In Figure 1, there are several pictures that can be used as the fate-map of normal development of the neural tube in the embryo. A – the formation of the neural ridges, B – the beginning of the neural tube formation, C – the end of the neural tube formation. Microcephaly is the condition caused by unpredictable and uncontrollable neural stem cell proliferation during the embryonic development that may result in the death of neurons (Denny et al., 2013). The Zika virus, as the main contributor of microcephaly in fetuses, may infect an organism and kill the primary stem cells that have to be properly developed in the brain. The loss of any neuron leads other changes in head’s size and the development of human brain functions.
Treatment
The main threat of microcephaly is that no definite treatment can be offered to children. It is impossible to reverse complications or enlarge the size of child’s head. No direct treatment, but only alternative ideas should be discussed. The goal of any treatment is to manage child’s condition and support them and their families by any possible means, including speech and physical developmental therapies and occupational therapies which strengthen child’s abilities. Some medications and relaxing exercises can be offered to deal with hyperactivity if any.
Personal Interest
The fact that people cannot find out treatment for such pathology, it is interesting and challenging to observe the latest news and achievements on the chosen topic. The consideration of biological research and conferences can help to check on the latest changes and realize if microcephaly can be treated, and children can be saved. It is not fair that children should suffer from such birth defect as microcephaly, and it is necessary to do something to find the solution.
References
Denny, K.J., Jeanes, A., Fathe, K., Finnell, R.H., Taylor, S.M., & Woodruff, T.M. (2013). Neural tube defects, folate, and immune modulation. Birth Defect Research Part A: Clinical and Molecular Teratology, 97(9), 602-609.

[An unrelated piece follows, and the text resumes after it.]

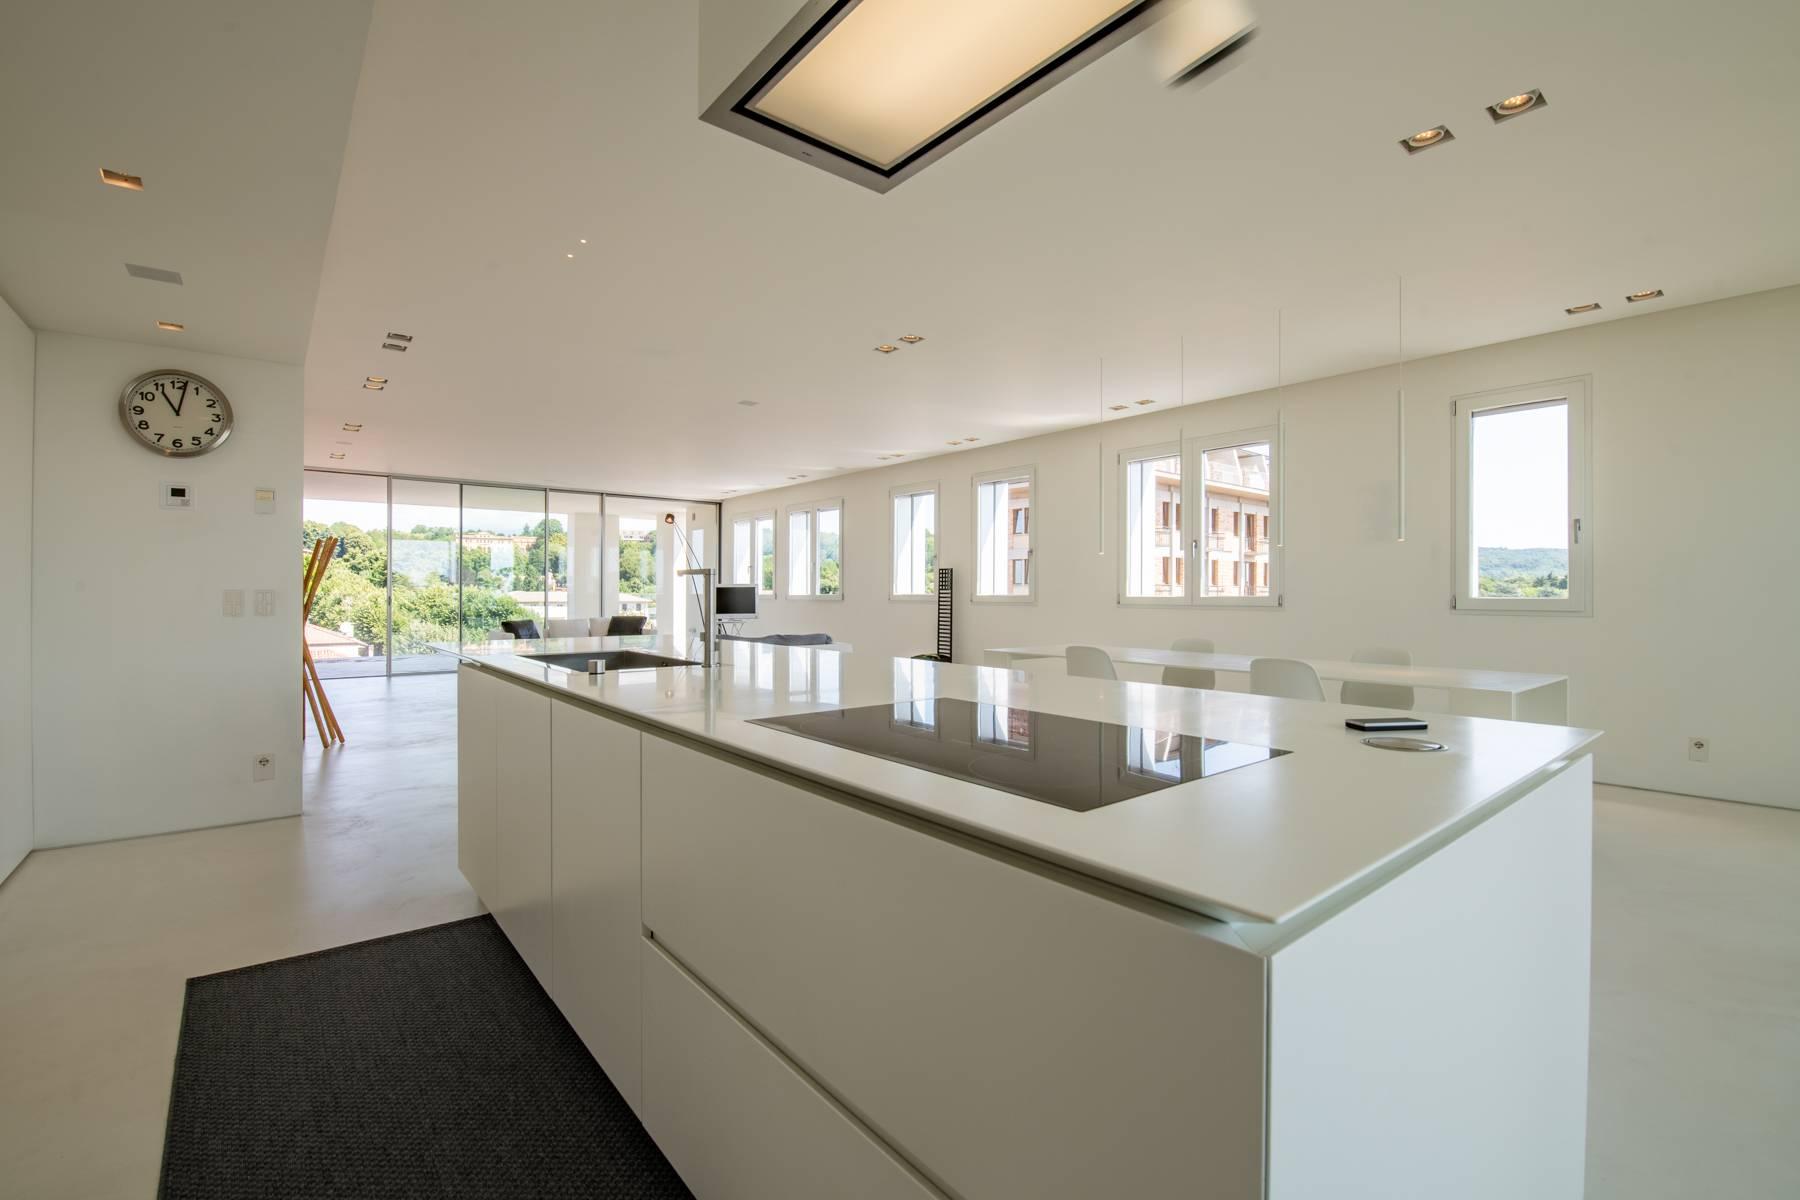 Penthouse élégant panoramique et à haute efficacité énergétique avec un design moderne raffiné - 6

Liuzzi, G., Puro, V., Vairo, F., Nicastri, E., Capobianchi, M.R., di Caro, A., … Ippolito, G. (2016). Zika virus and microcephaly: Is the correlation, causal or coincidental? New Microbiologica, 39(2), 83-85.

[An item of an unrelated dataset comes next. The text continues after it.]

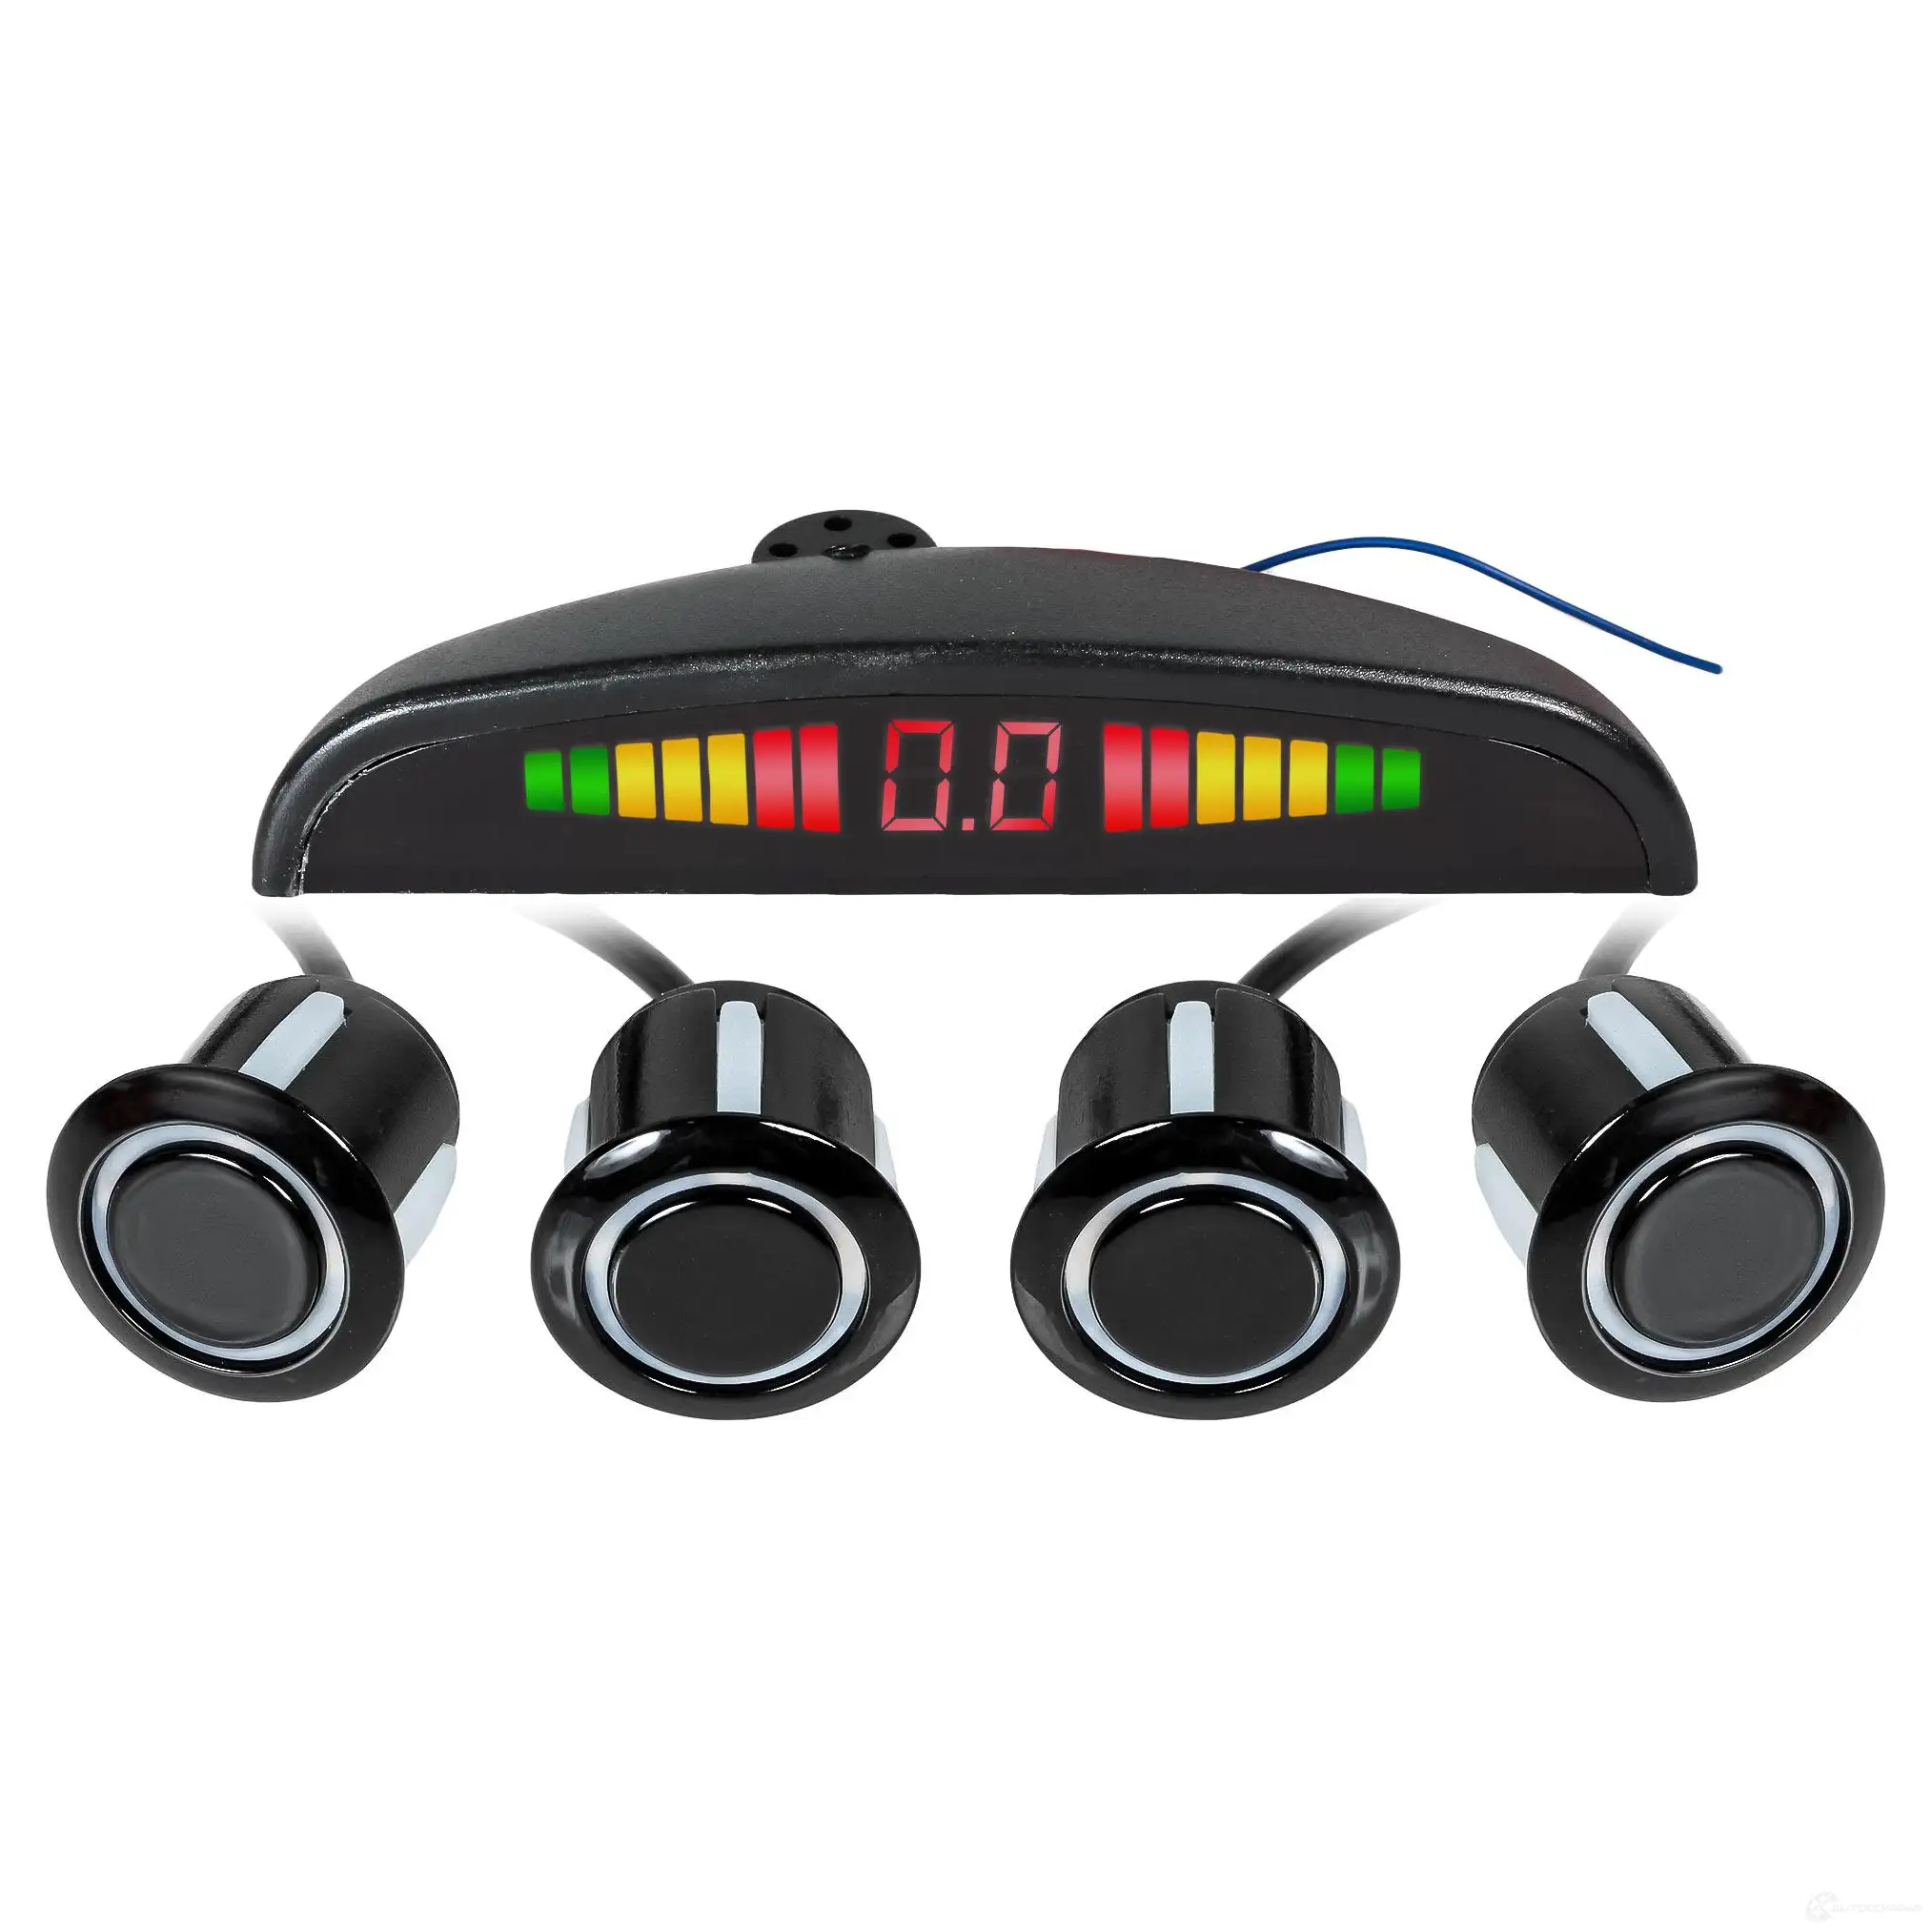 Парктроник на 4 датчика (черные), беспроводной LED дисплей AIRLINE UBEUQ 0 1438171408 apswl04 изображение 1

Madhukark, G.V., Bhaysaheb, D.K., Babasaheb, K.K., Tukaram, D.R., & Balkrishna, S.S. (2016). Zika virus infection: An overview. World Journal of Pharmacy and Pharmaceutical Science, 5(4), 2191-2204.
Stiles, J., & Jernigan, T.L. (2010). The basics of brain development. Neuropsychology Review, 20(4), 327-348.
Woods, C.G., & Basto, R. (2014). Microcephaly. Current Biology, 24(23), 1109-1111.